With OATH, OpenAM now supports YubiKey authentication. The YubiKey simplifies the process of logging in with a One Time Password token as it does not require the user to re-type long pass codes from a display device into the login field of the computer. The YubiKey is inserted in the USB-port of any computer and the OTP is generated and automatically entered with a simple touch of a button on the YubiKey, and without the need of any client software or drivers.
OpenAM now fully supports Internet Protocol version 6 (IPv6) in addition to IPv4.
OpenAM now fully supports Java 7 environments.
OpenAM Session failover has been modified to be simpler to deploy (OPENAM-625). OpenAM 10.0.1 and earlier required the use of Open Message Queue and Berkeley DB Java Edition, which increased the complexity and amount of time required to get session failover working. OpenAM now writes session data to the configuration data store instead. This implementation also can be used to make sessions persist across restart for single OpenAM servers. The current implementation requires that you use OpenDJ for the configuration data store.

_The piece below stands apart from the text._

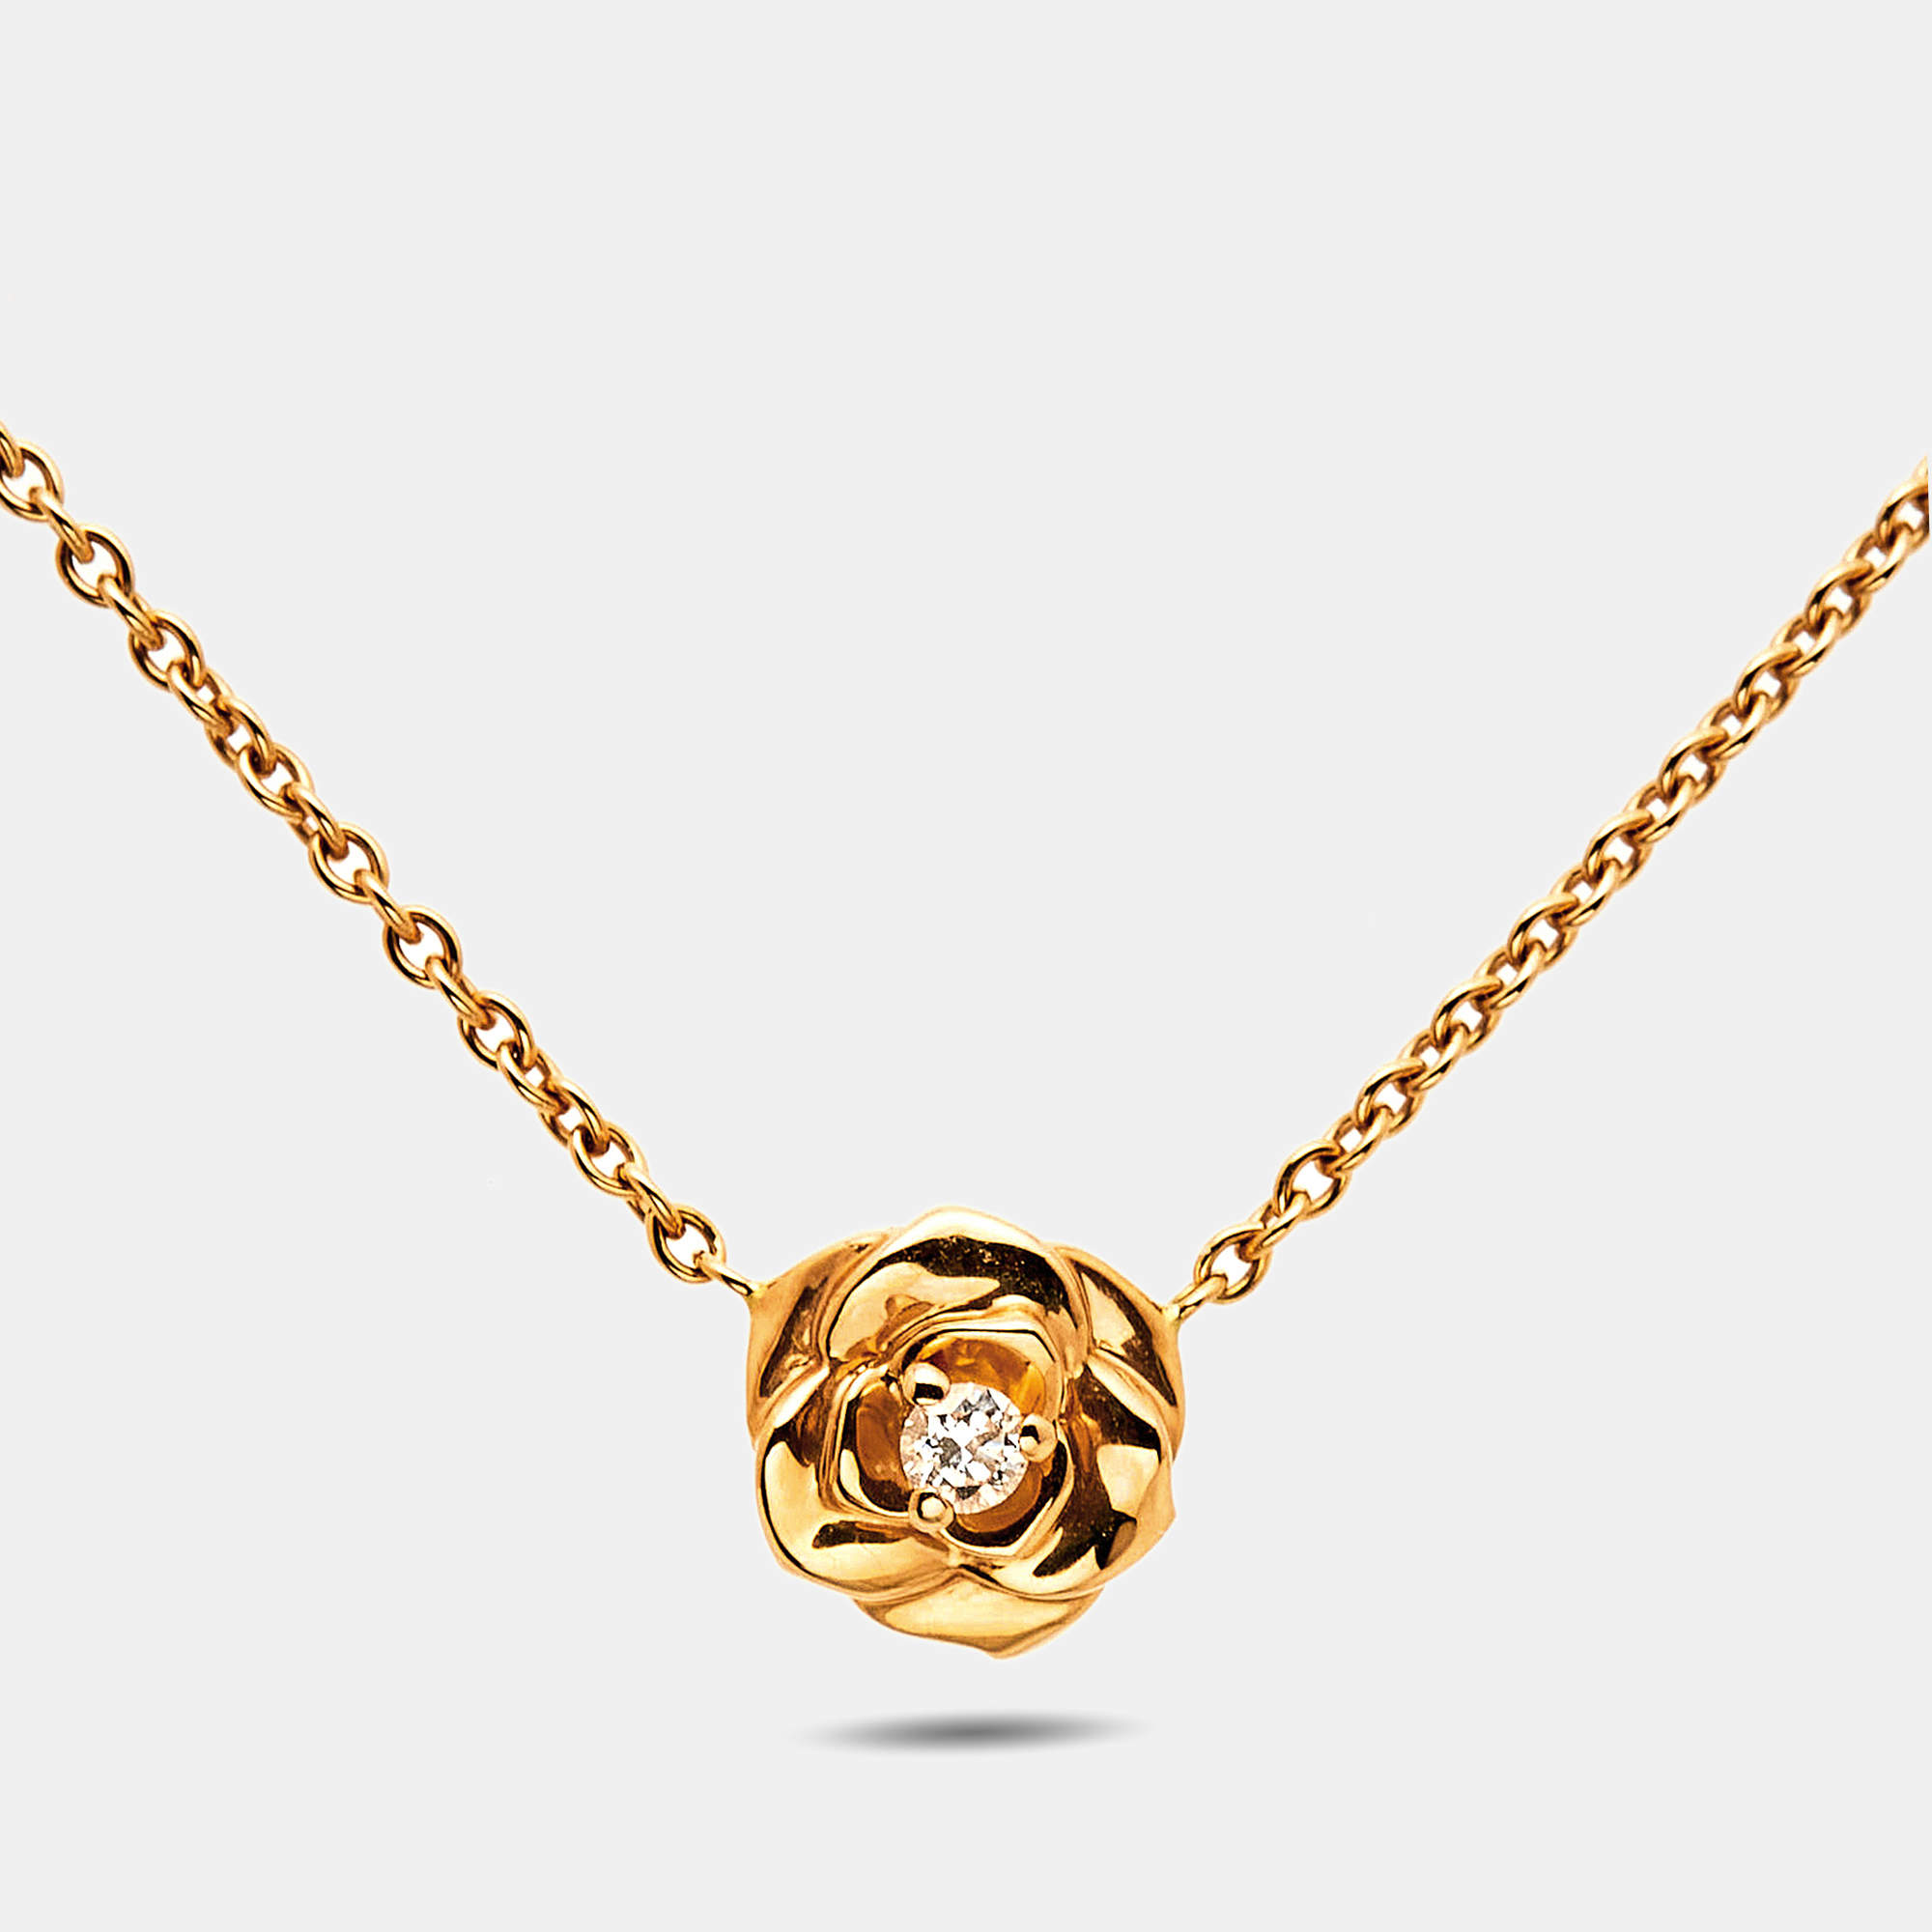 White gold Diamond Necklace G37U9500 - Piaget Luxury Jewelry Online

OpenAM now includes a preview of the cloud Dashboard service, part of allowing user self-management of web based applications. (OPENAM-2019).
OpenAM now bundles OpenDJ 2.6.
The Persistent Cookie module has been added to support configuration of cookie lifetimes, based on requests and a maximum time.
IBM WebSphere 8 is now a supported platform. See Preparing IBM WebSphere in the Installation Guide for details on how to setup WebSphere 8.0 and 8.5 before deploying OpenAM.
The policy tree index has been updated so that resources first check the root level of a realm first. The tree will be created from this level, and any subsequent referrals will create another tree specific to the realm where the referral was retrieved. This conserves memory and reduces the amount of time required to load the tree. An intelligent indexing model now assists with quickly identifying relevant policy rules for the resource being authorized.
The zero page login has been modified so that administrators can disable the functionality. The zero page login process is the ability of the user to login using only GET parameters, which presents a possible security issue. Zero page login is now disabled by default (OPENAM-2354).
OpenAM now provides an account expiration post authentication plugin to set an account expiration date on successful login.
Remote clients that register notification URLs with OpenAM can now successfully deregister on shutdown (OPENAM-2766, OPENAM-2765), preventing OpenAM from trying to notify applications that are no longer running.
OpenAM now lets you configure the profile attribute name for email used by the password reset module (OPENAM-2604).
OpenAM now provides a mechanism for Identity Providers to use private
key passwords that differ from the password stored in OpenAM's
.keypass file (OPENAM-2306).
OpenAM Java Fedlet
SPACSUtils can now find the
metaAlias in either the URI or the query string
OpenAM now provides a mechanism to supply static values when setting up attribute mapping for a SAML 2.0 Identity Provider or Service Provider (OPENAM-2184).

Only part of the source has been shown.